Of the eight Route 66 states, Kansas has the least amount of road, with just eleven miles of asphalt crossing through the southeastern corner of the state. The Historic Route 66 Highway signs turned from blue to brown.
I stopped for lunch at a restored vintage 66 gas station-turned-café that had the actual rusted-brown truck that inspired the character Tow Mater in Cars.
I wasn’t alone in the café. Somehow I had caught up to the Corvette-driving Canadians I’d run into at the Munger Moss Motel. We had a burger together along with two Australians who had started their trek in Los Angeles and were following the Route from west to east.
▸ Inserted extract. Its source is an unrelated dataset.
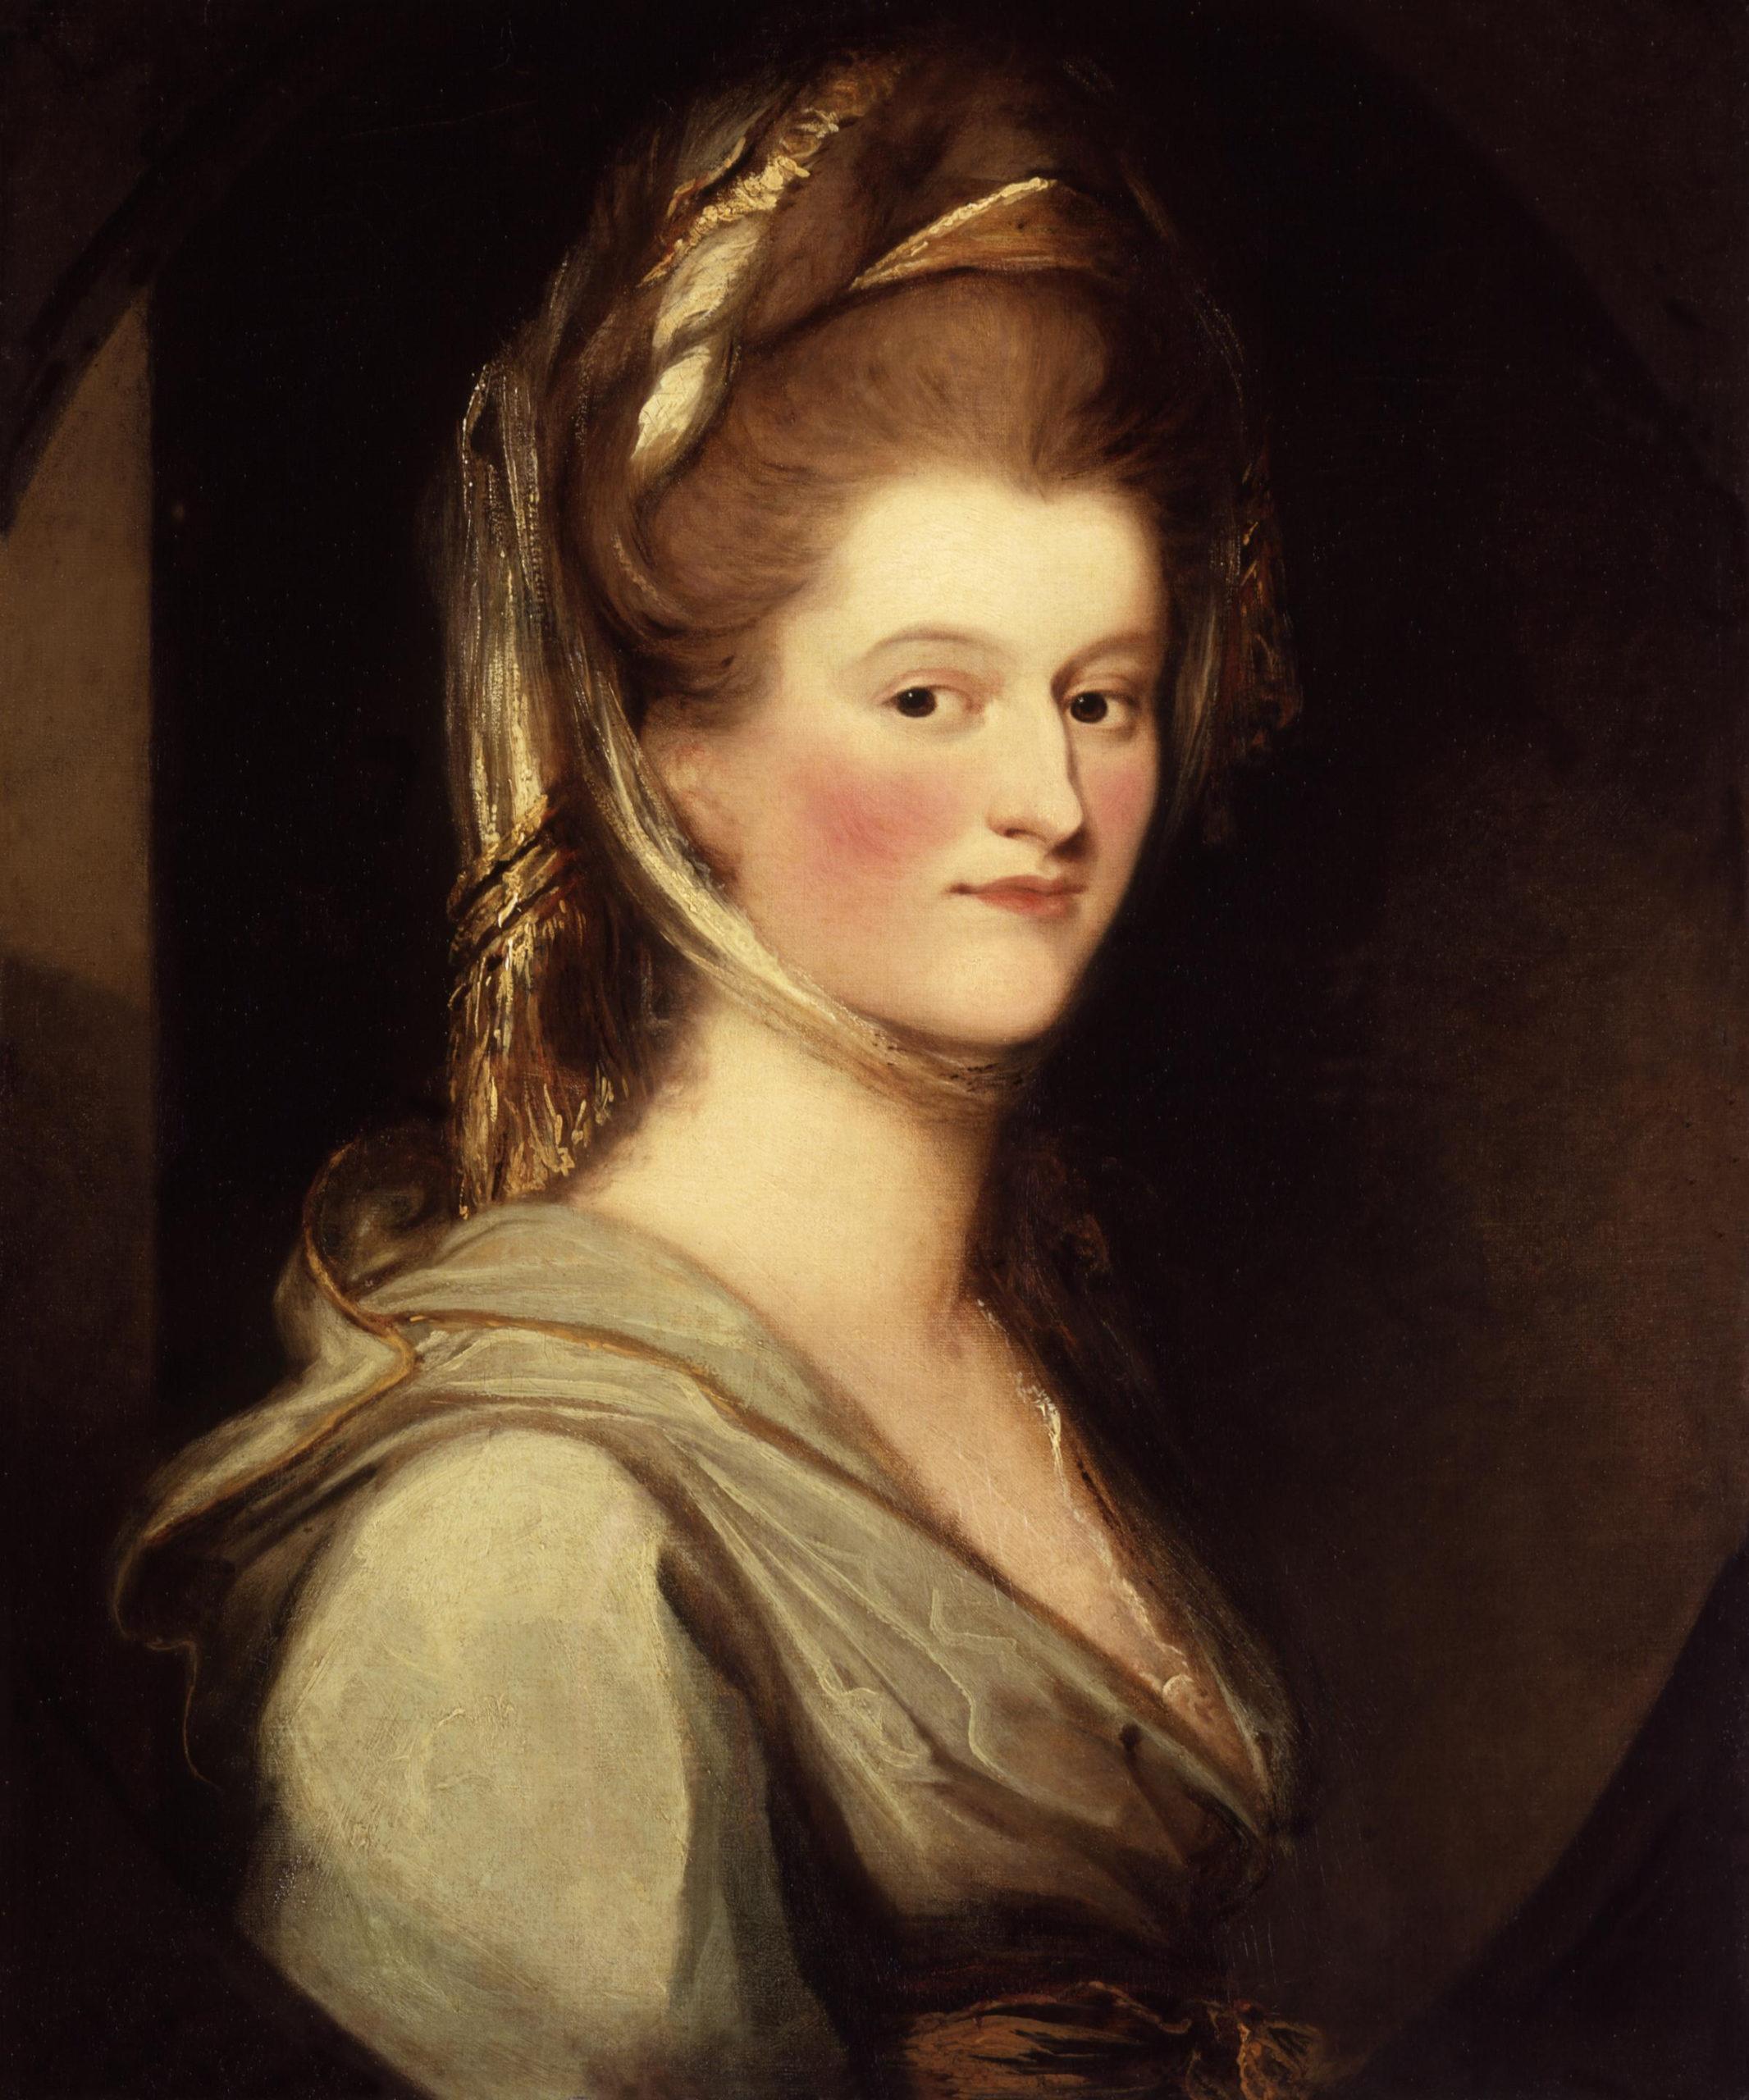 Elizabeth Berkeley - mother of Arabella Craven

One of the Canadians was complaining about the difficulty of following the Route along some stretches, and the Australian erupted, “You think you got it hard, mate? Half the cities don’t even have signs facing west. You have to drive the bloody thing with one eye in the rearview mirror!”
Chapter Twenty-Five
There are people who are as much a part of the Route as the road itself.